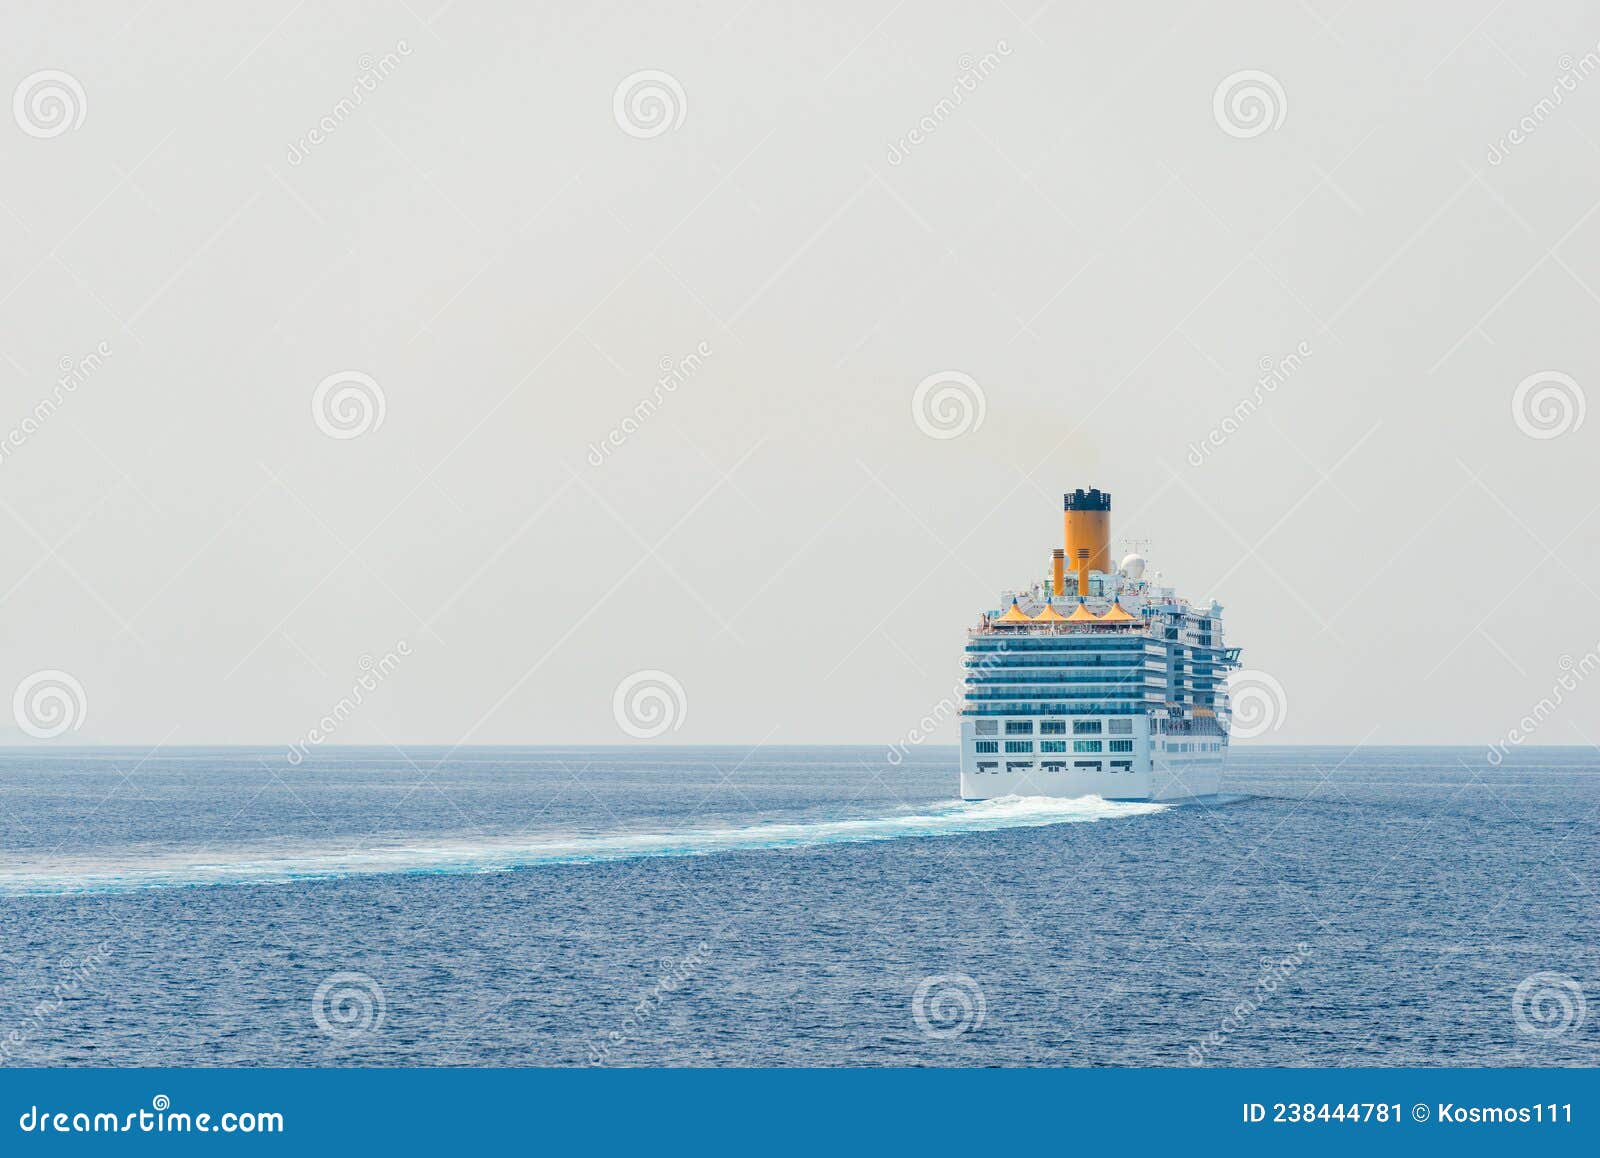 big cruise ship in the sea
* * *
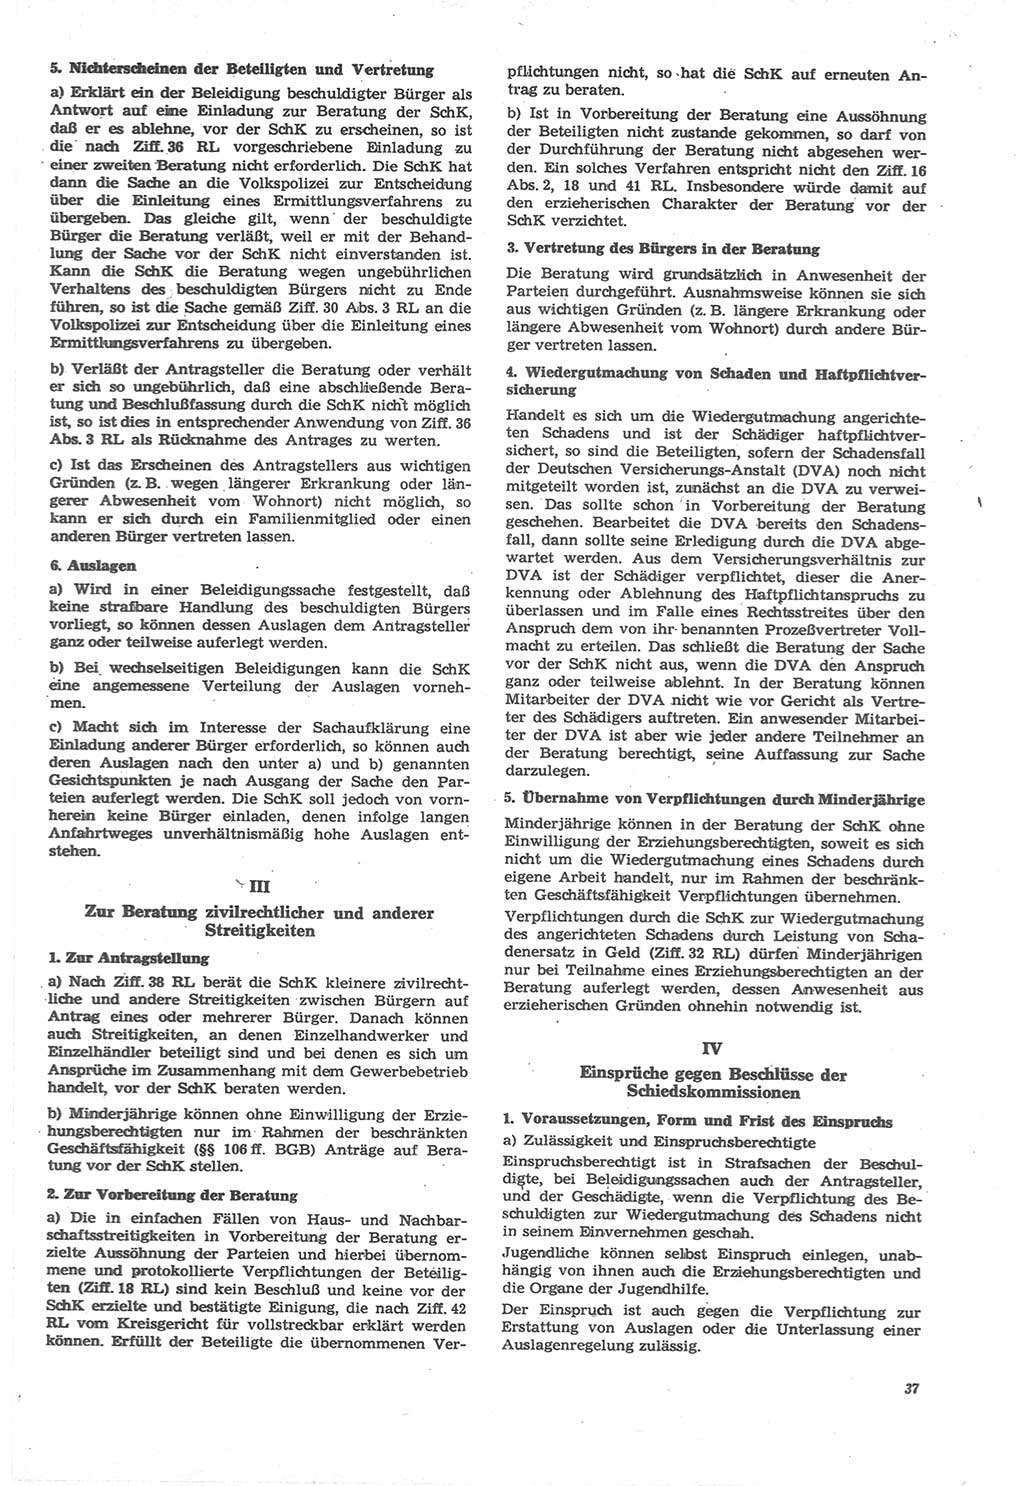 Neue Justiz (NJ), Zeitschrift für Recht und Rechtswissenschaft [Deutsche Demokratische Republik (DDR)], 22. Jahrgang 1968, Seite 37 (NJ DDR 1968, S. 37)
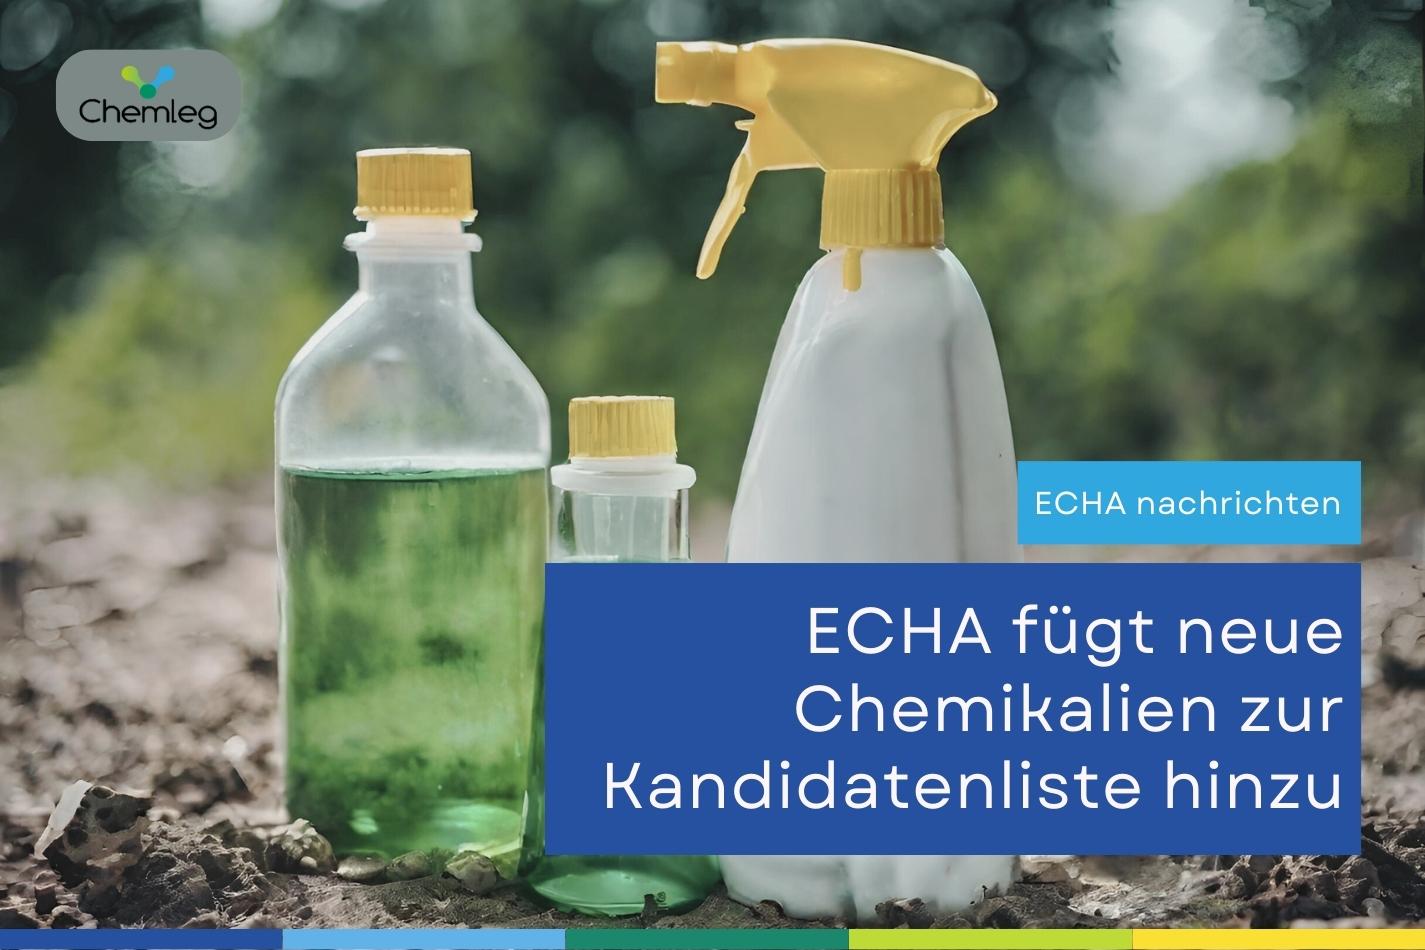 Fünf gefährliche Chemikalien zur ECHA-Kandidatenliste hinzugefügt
---
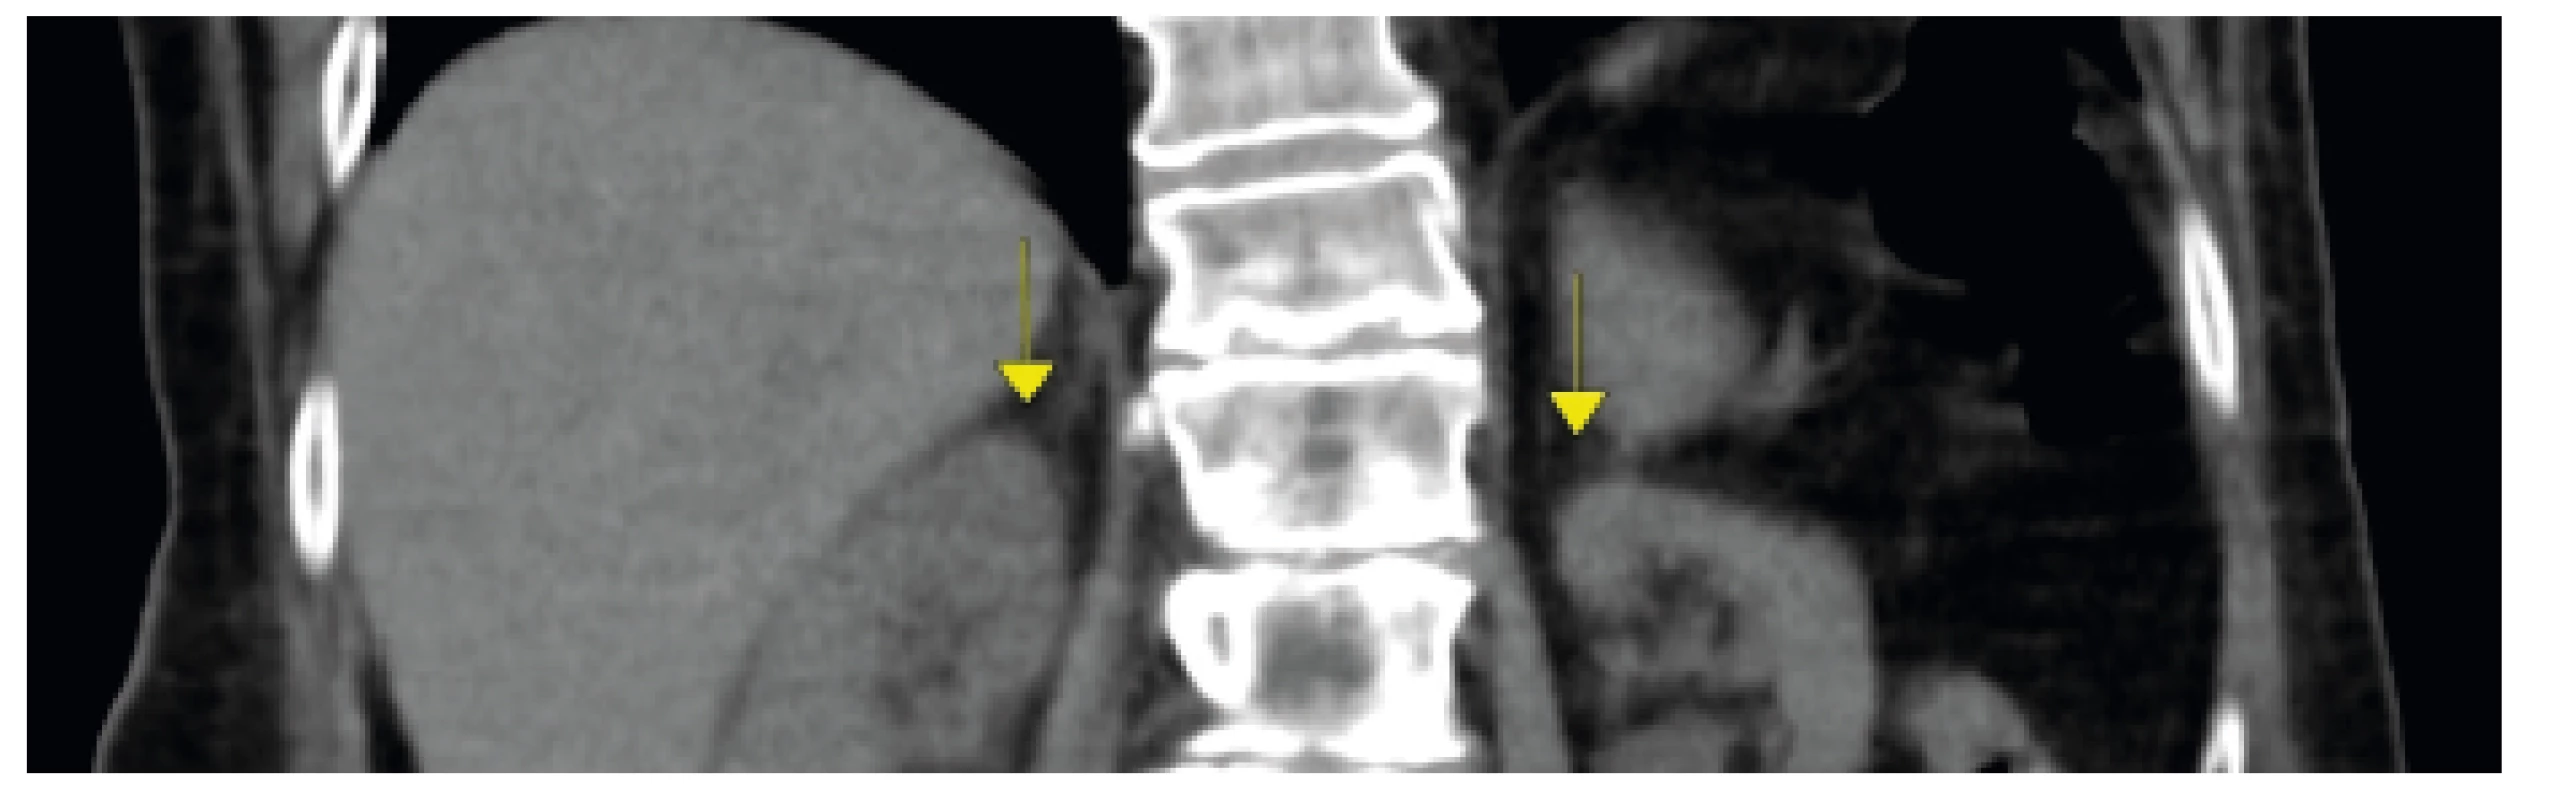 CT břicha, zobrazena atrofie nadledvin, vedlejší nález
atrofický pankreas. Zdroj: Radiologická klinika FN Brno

What the exercise asks - Give back, exactly and without pictures, the stretch of the records above from the line containing "Neue Justiz (NJ), Zeitschrift" through the line containing "Fünf gefährliche Chemikalien", with both end lines included.

Exercise output -
 Neue Justiz (NJ), Zeitschrift für Recht und Rechtswissenschaft [Deutsche Demokratische Republik (DDR)], 22. Jahrgang 1968, Seite 37 (NJ DDR 1968, S. 37)
 Fünf gefährliche Chemikalien zur ECHA-Kandidatenliste hinzugefügt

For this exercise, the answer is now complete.